Liability for Psychiatric Injury
This essay aims to highlights the evolution of the legal position on psychiatric injury in the light of landmark English cases...Author Name: Vineet_Bhalla
This essay aims to highlights the evolution of the legal position on psychiatric injury in the light of landmark English cases...
The issue of recovery of damages for negligently inflicted psychiatric harm is widely regarded as not only highly ridiculous and illogical, but also as one of the most controversial in the law of torts. On one hand is the view that psychiatric illness should be treated no differently from physical injuries to the person, and damages for the former should be no less extensive than the latter. On the other hand, though, is deep scepticism about the reality of conditions grouped together under the label of psychiatric illness, and the problem of identifying and segregating the true claimants. Since old times law has been cautious about awarding damages for non physical harm to any person. Even today, this general perception has not changed. English law has always tried to follow a delicate middle path with regards to pragmatism and principle, but in this pursuit it ends up neither here nor there, and ends up looking glaringly inadequate. This essay aims to highlights the evolution of the legal position on psychiatric injury in the light of landmark English cases.

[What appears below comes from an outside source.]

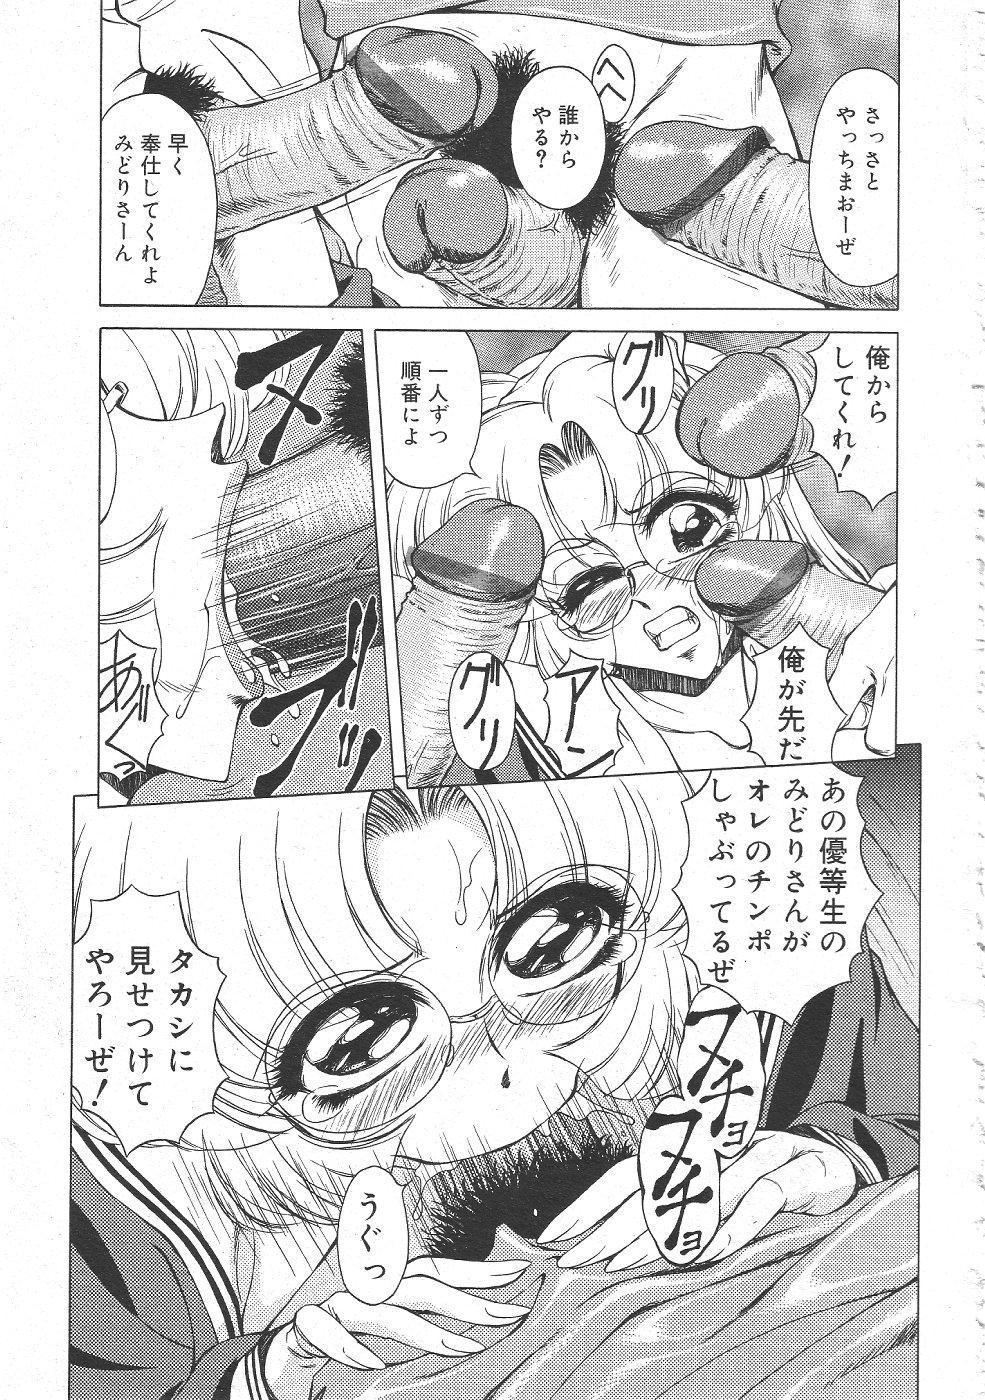 Gekkan Comic Muga 2004-06 Vol.10 320

Psychiatric Injury – Evolution of a concept:
Initially psychiatric injury was called ‘nervous shock’ because it was treated as a response to an extremely traumatic event. But this was gradually replaced by ‘mental injury’ due to the expansion in law as to what came under its ambit to claim damages. Most mental injury though comes under the category of Post Traumatic Stress Disorder (PTSD). At the outset damages could not be claimed for psychiatric damage unaccompanied by physical damage though now claims can be filed for psychiatric injury without physical damage. Damages can also only be claimed if the mental injury gives rise to a recognized psychological disorder and not for normal grief and sorrow experienced on the demise of a person.
Psychiatric injury is a form of injury which affects a person like physical injury but it causes more problems in law as there are difficulties in putting a monetary value on such harm; there is also the risk of fictious claims and excessive litigation, and the problems of proving the link between the defendant’s negligence and the injury to the claimant.
The claimants of psychiatric injury are classified into three broad categories – primary, secondary and special categories.
The Alcock case lays down the concepts of primary and secondary victims, but these were further elaborated in Page v Smith. In this case, the victim was involved in a road accident but was not physical injured. Almost immediately after the accident he yielded to an acute revival of chronic fatigue syndrome (myalgic encephalomyelitis) from which he had periodically suffered in the past. The defendant argued that any normal person without any history of any psychiatric illness will not become ill because of a minor accident.
The House of Lords, in this case, classified the victims into primary and secondary according to their involvement in the accident. Essentially, primary victims are claimants who
(1) suffer severe physical injury or succumb to mental illness triggered by trauma of accident or its aftermath, or
(2) don’t suffer from any bodily injury from an accident but suffer from shock and fear leading to mental illness.
A claimant who is not directly associated with the accident in any way and suffers no injury as a result but suffers from psychiatric harm by witnessing injuries to others comes under the category of secondary victims. To keep a check on the number of false claims arising out of this provision of law, control mechanisms requiring proximities of relationship, time and space, etc were devised. Firstly, he must be closely related to the injured person by ties of love and affection like parents and children, spouses, and those who can establish such a relationship due to special factors; Secondly, he must be physically near the place at the time when the traumatic event took place; Thirdly, he should have perceived the event via his own unaided senses and not by the notifications of third parties.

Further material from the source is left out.